Note that the similarity evaluation of cervix data was done only on 25+25 images. Despite the small sample size, the limitations of the synthesized variability were conspicuous.

In this paper, only the texture feature was assessed, however the PCA could be applied also to other characteristics of an image, such as shape. The descriptors are nevertheless based on some pre-processing and could be affected by the chosen method.

6 Conclusion

In the last years, the methods of cell image synthesis have been rapidly improving. However, the evaluation of the similarity of such generated data compared to real data, is still not sufficient.

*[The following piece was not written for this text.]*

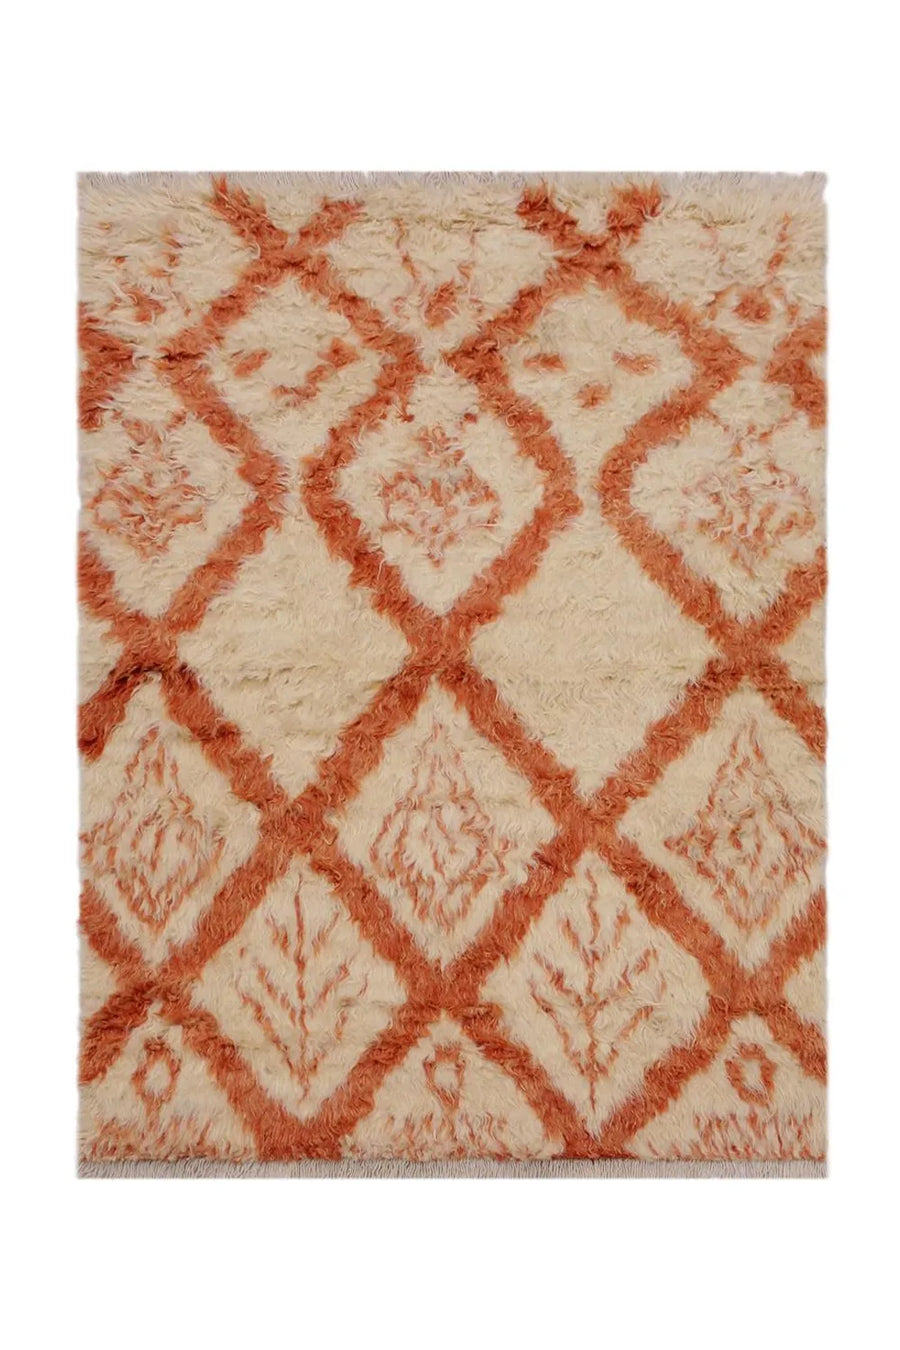 handknotted white shag rug with natural rust geometric design for elegant home decor

This paper aimed to show new possibilities for texture comparison in (1) viewing data in context of multiple dimensions given by texture descriptors, (2) observe the mutual position of real and synthetic image data points in feature space reduced by PCA, and (3) quantitative measurement of similarity by comparing the volumes of ellipsoids enveloping given group of data in a feature space.

The described methods were applied to two datasets showing differences between groups of images. In two randomly chosen subsets of real images there was observed only a small difference between the groups with Jaccard index \({\ge }0.652\). The experiments comparing real and synthetic data showed different levels of similarity. The Jaccard indices revealed corresponding results to the visual inspection in reduced feature space and univariate statistical comparisons.

In the future work we plan to extend our method for time-lapse image data, where the texture is time varying. The vision is also to give a constructive feedback to the designer of the synthesizing algorithm in identifying, why the images differ in a chosen descriptor.